Yesterday evening we met with our potential new midwife for the first time. My current gyn doesn’t go farther than the first trimester, so we had to look for a new healthcare provider for the second and third trimester. Since we were considering homebirth, we looked at midwives. Well, there aren’t too many on the Cape. But fate winked at me, as I was working at CCCC. I met a woman in the writing center, who knew a midwife she recommended to me. What a coincidence! I didn’t know this woman, I just happened to help her with her paper and we started talking about babies. What are the odds, really?
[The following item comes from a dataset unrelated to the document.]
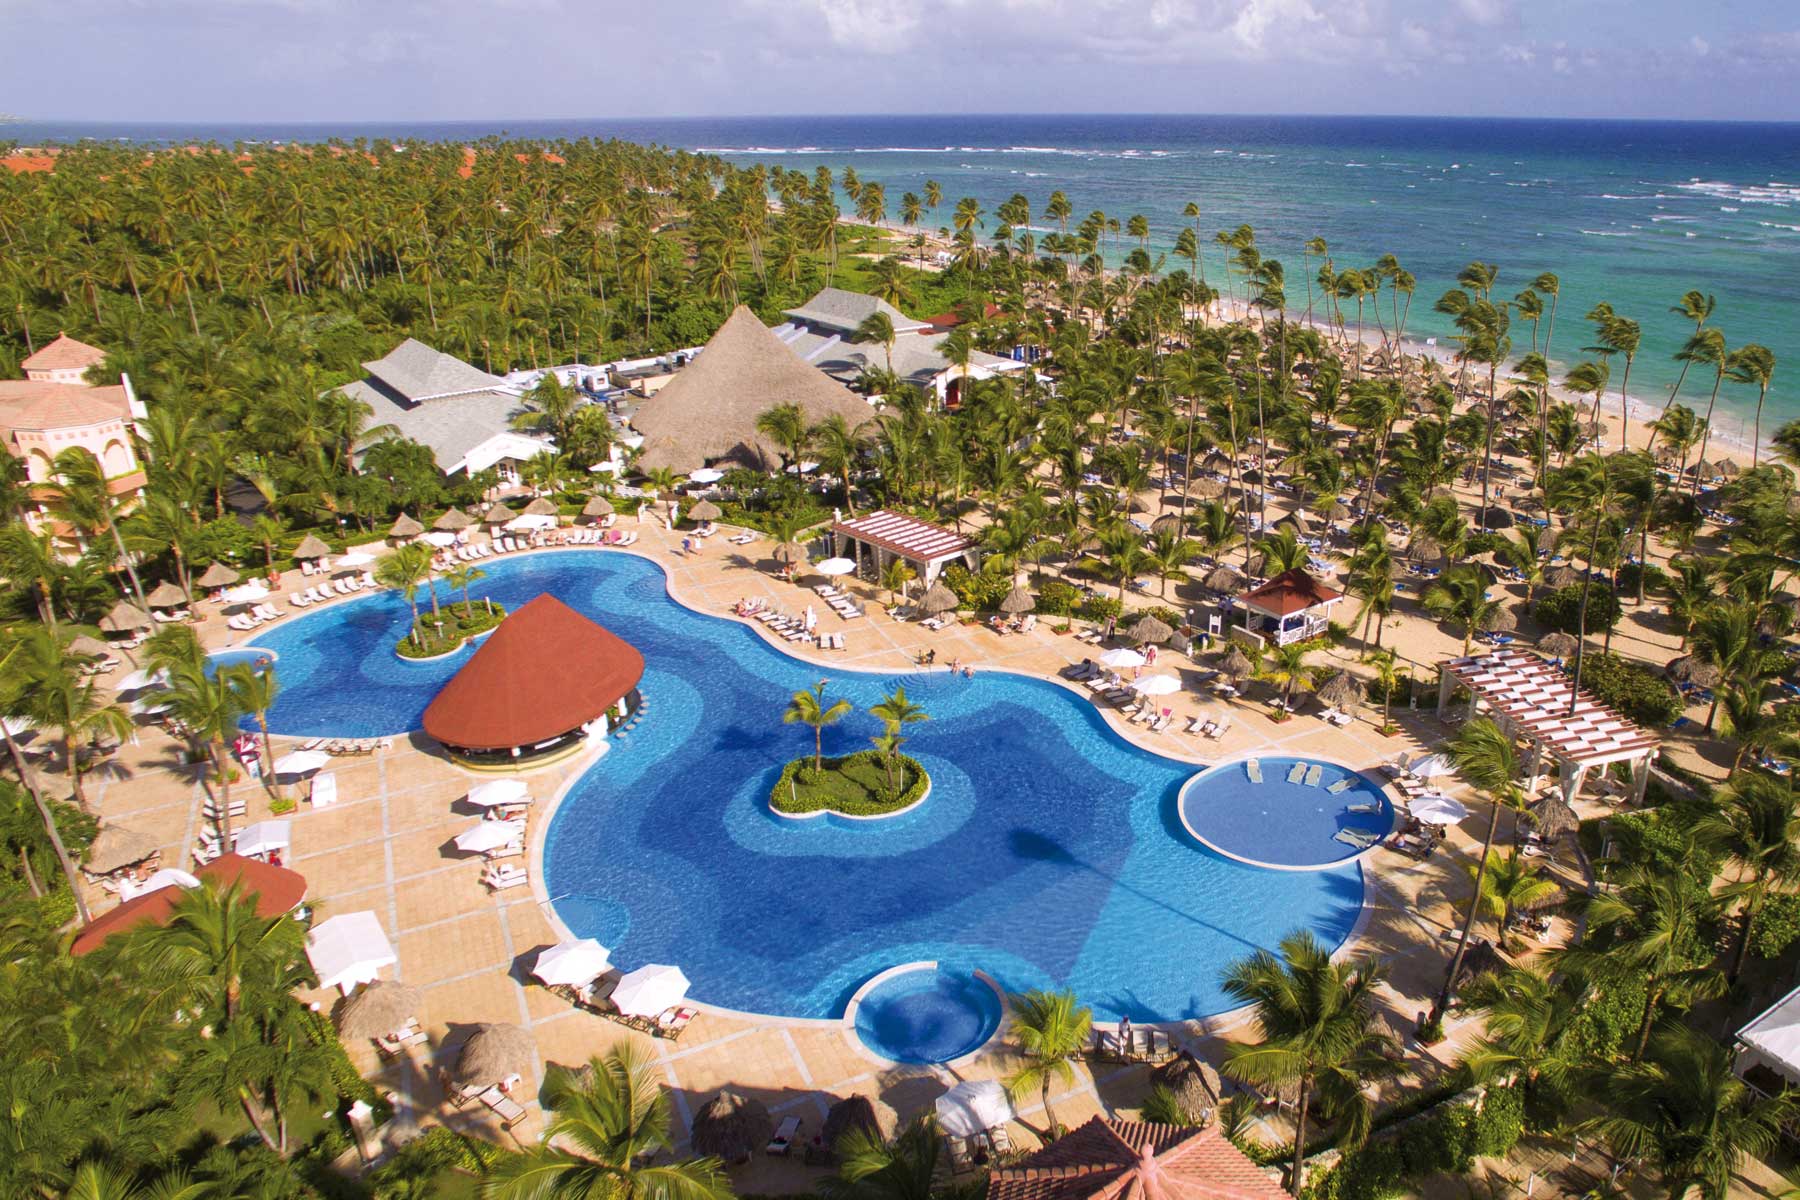 Bahia Principe largest resort in Punta Cana. Photo Credit Bahia Principe

Before meeting with the midwife, we’d been watching a documentary that interviewed nurses, doctors (OBs, gyns), midwives, and moms. It scared the hell out of me, seeing how horrible a hospital birth can be. It just reassured me that what I wanted was the right way to go. I wanted a waterbirth regardless of whether I give birth in a hospital or not. The only one nearby that offers that is Jordan Hospital in Plymouth though. Hearing from many women (apart from seeing the movie) how terrible their hospital-birth experience was, and how calm and fantastic and empowering their natural homebirth was, I pretty much set my eyes on water-homebirth.
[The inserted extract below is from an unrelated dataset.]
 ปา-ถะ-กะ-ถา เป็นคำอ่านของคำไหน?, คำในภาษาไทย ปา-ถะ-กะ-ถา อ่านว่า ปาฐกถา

After meeting the midwife yesterday, I’m 100% convinced that this is the right way for me to go. I don’t need stress when I do the most natural thing my body was built to do. The only way I’m ever going to see the inside of a hospital during labor is if I have serious complications, or if I happen to give up and go – which I think is highly unlikely to happen. Everyone who knows me, knows how stubborn I can be. If I want something to work a certain way, I’ll make it work – I’ll never give up. So if I need my body and/or mind to cooperate to give birth in my own home, I’ll do anything and everything to make that happen. I’ve been researching hypnobirthing a little bit and talked to a woman who’s done that. It seems like an interesting option. We’ll see. I want this to be a magical, stress-free, relaxed experience. I want to hold my baby in my arms when it comes into the world. I want myself or my husband to get the chance to catch it as it comes out. I want the comfort of my home around me. I want the liberty to walk around, eat, drink, and do whatever I want or feel necessary to ease the process of labor. I want those around me whom I choose. I don’t want pain medication. I don’t want chemical induction. I don’t need all that. I’m not afraid of what my body is made to do. A completely natural thing women have been doing for thousands of years. I want this to be natural. And I can only get that doing a homebirth.
The midwife we met yesterday is very nice. I really like her, and I think DH and I have pretty much already decided to have her as my midwife. She is a very natural lady, just like myself, and understands all of our concerns and wishes. I can’t wait for our prenatal appointments in the very near future.